The House healthcare debacle didn’t have to be this way — here’s what Paul Ryan could have done instead

On Friday, Speaker of the House Paul Ryan’s crumbling halfway house — known officially as the American Health Care Act — definitively collapsed.

So far, the standard tactic among Republican leadership and the mainstream media has been to point fingers at the House Freedom Caucus and blame them for obstinately blocking the bill. But this is laughable and untrue. The repeal and replace movement didn’t have to wind up in the mess it did on Friday, and pundits and politicians alike need to take a long, hard look at the facts.

In the 114th Congress, Republicans passed the Restoring Americans’ Health Care Freedom Act, which repealed much of Obamacare. The bill delivered on most fronts: It gutted most of Obamacare’s taxes, it erased its tax and cost-sharing subsidies, it blocked Medicaid’s two-year window for expansion, and it cancelled the individual and employer mandates.

At the time, Ryan praised the bill in a press release: “We have shown now that there is a clear path to repealing Obamacare without 60 votes in the Senate,” he said. “So next year, if we’re sending this bill to a Republican president, it will get signed into law.”

But this bill didn’t wind up making it to President Trump’s desk. What Republicans tried to send him instead was a new version of the Affordable Care Act, with an ‘H’ added to the acronym.

The bill established what is essentially a new entitlement program through the use of refundable tax credits. It retained, though delayed, Obamacare’s “Cadillac tax.” It replaced one individual mandate with another. And it allowed the states to keep enrolling people in Medicaid until Dec. 31, 2019 — by which time, presidential election season will have rolled around again and Democrats will have made reinstating Medicaid expansion a major campaign issue.

The bill also fell far short of repealing Obamacare’s regulatory structure in Title I of the law. The Heritage Foundation has noted that these regulations are responsible for 44 percent to 68 percent of premium increases. While House Republican leadership did eventually include the so-called “essential health benefits” in the bill, they refused to repeal Obamacare’s community rating provision, which is a major cost-driver for premiums.

Conservatives put Republicans in the House in 2010, the Senate in 2014 and the White House in 2016 — all on the understanding that Republicans would keep their promises to really repeal Obamacare.
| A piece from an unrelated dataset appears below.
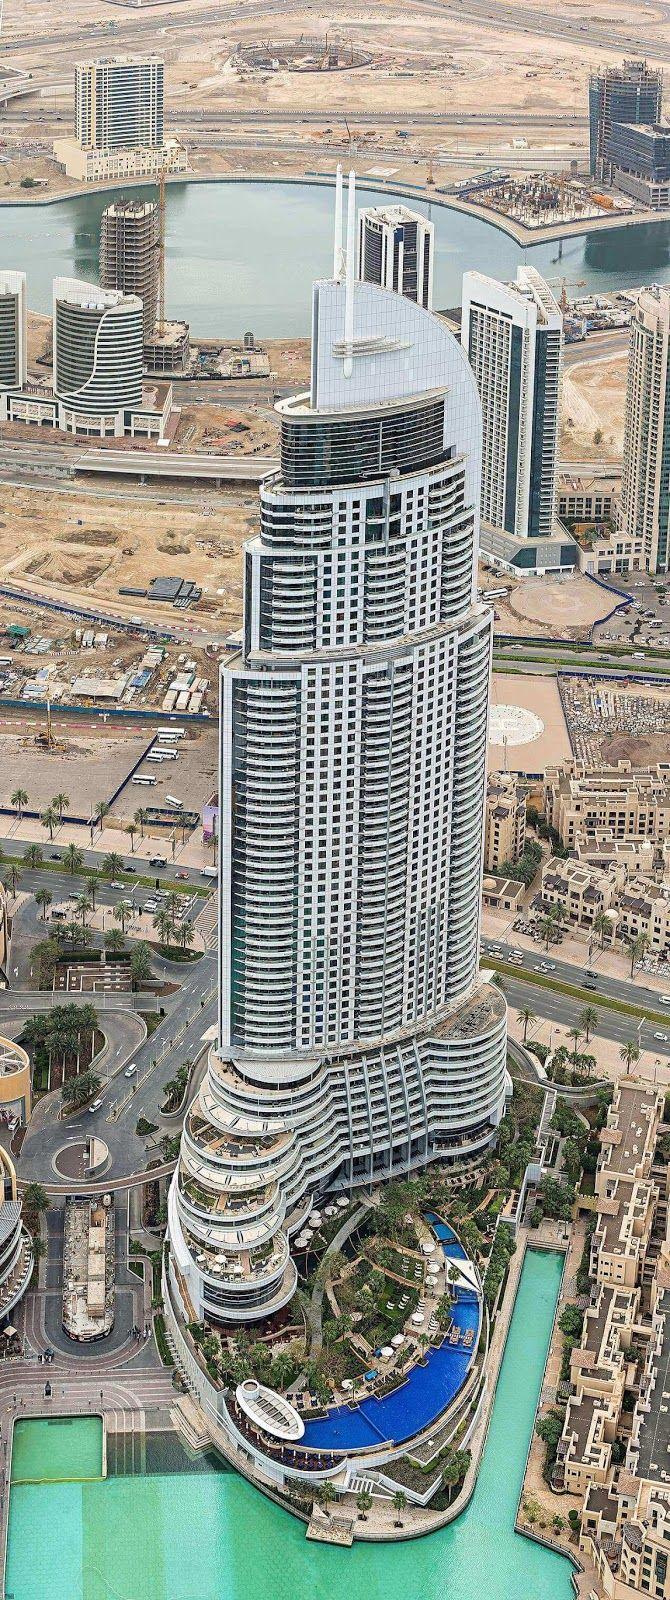 Ramada Downtown Dubai hotel fantastic views from the Burj Khalifa building. Top 10 Amazing Dubai Attractions - Explore Things to Do in Dubai #luxurydubai
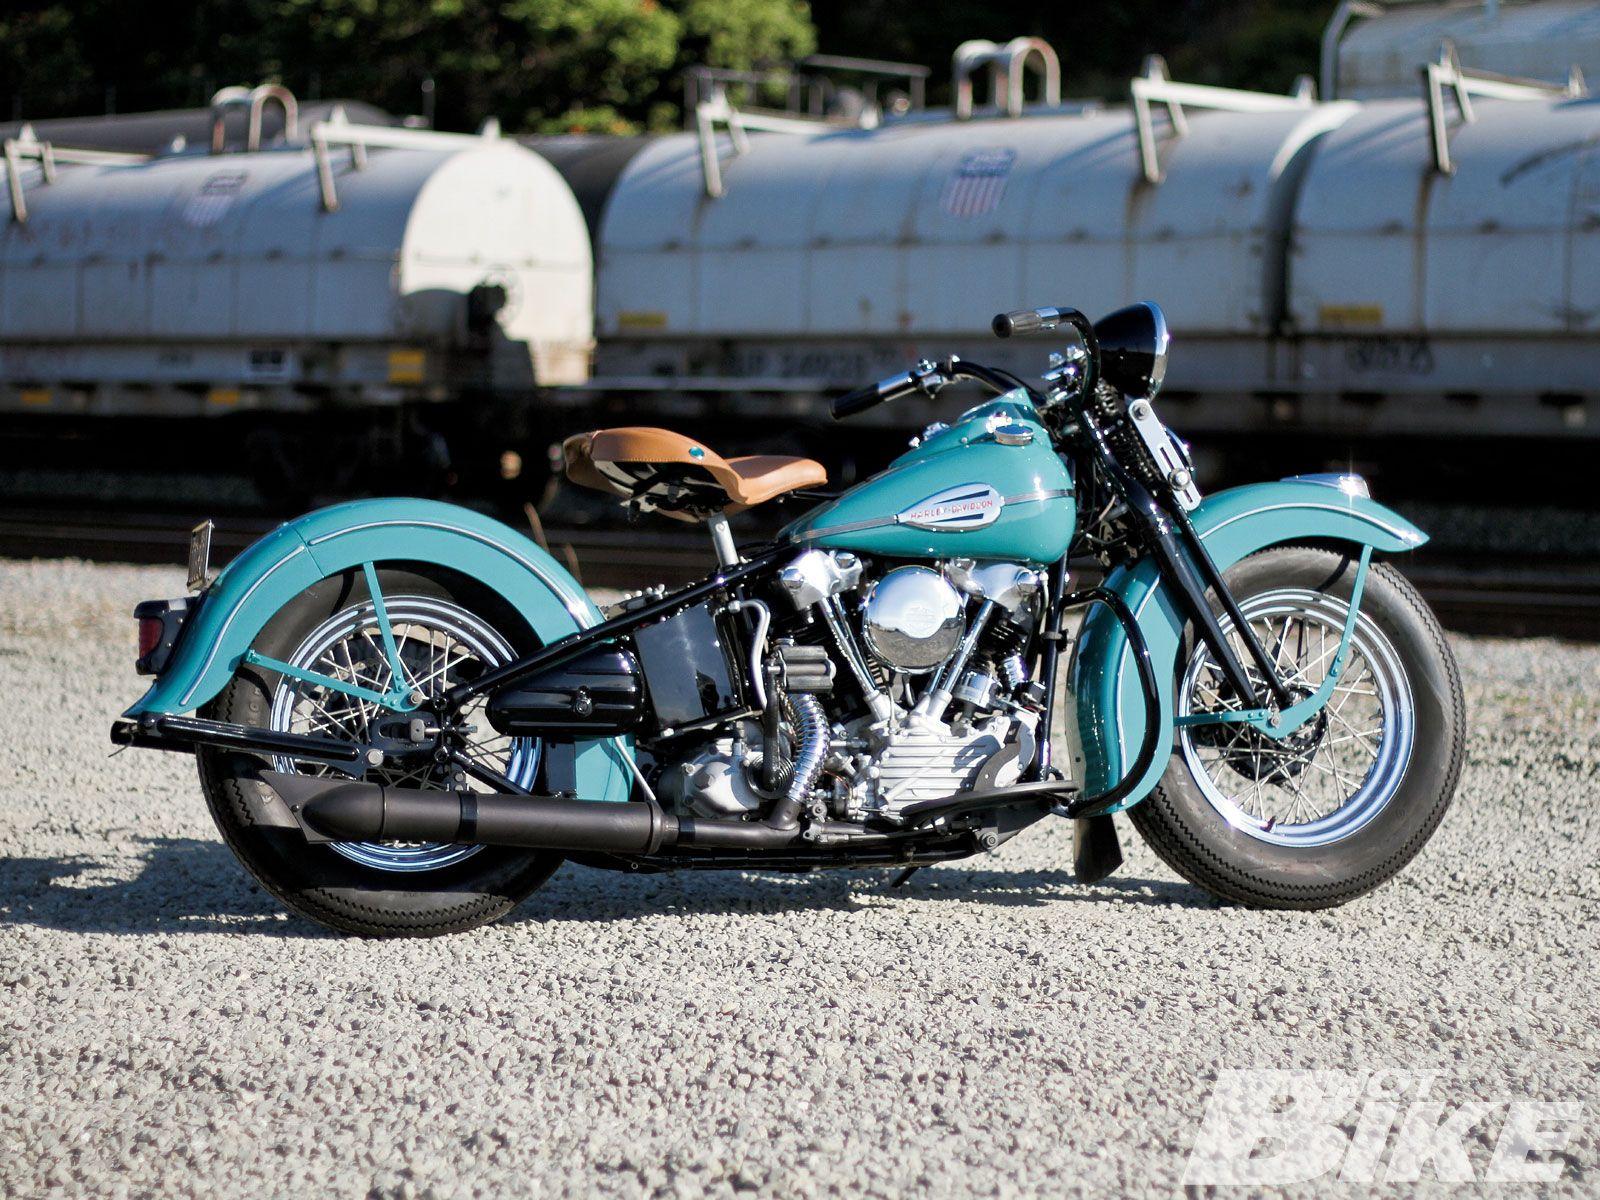 1941 Harley Davidson Knucklehead Rare Motorcycle Harley Harley Davidson Knucklehead Vintage Harley Davidson Motorcycles

As late as January of this year, congressional Republicans continued to reiterate these promises. But Ryan’s bill tried to do Obamacare better than the Democrats did — it was more big government.

It should surprise no one, then, that the House Freedom Caucus opposed the bill as it was written. They are not simply being intransigent or obstinate. The American Health Care Act is a complete betrayal of everything that Republicans said they could deliver in 2016. It ignores the frustration of millions of Americans tired of mounting premiums, closing co-ops and broken promises. The Freedom Caucus is simply holding the rest of the party to their words.

All Ryan needed to do was follow through, perhaps add Title I to the bill and elements of the replace plan that conservatives support, and spearhead the Restoring Americans’ Health Care Freedom Act, as he said his plan was under a Republican president — but that was when most people thought Hillary Clinton would win. Sticking to the plan would have paved the way for Republicans to tackle tax reform and other key policy issues. It would have increased trust in their leadership and shown the country that they knew how to govern.

But instead of choosing to stay the course and use members’ votes for the bill under President Barack Obama, he tried to twist the arms of the Freedom Caucus to support an Obamacare-like bill.

The week prior to the vote, 1,000 conservative grassroots activists stormed Congress to make it clear that they would accept no less than a full repeal. House Republicans ignored them — and Friday we saw the result. Representatives must do what the people hired them to do and actually represent their constituents. Failure to do so not only means failure politically, it means failure as a leader.

As Ryan and House Republican leadership struggle to regroup over the weeks to come, they must learn from their massive mistake.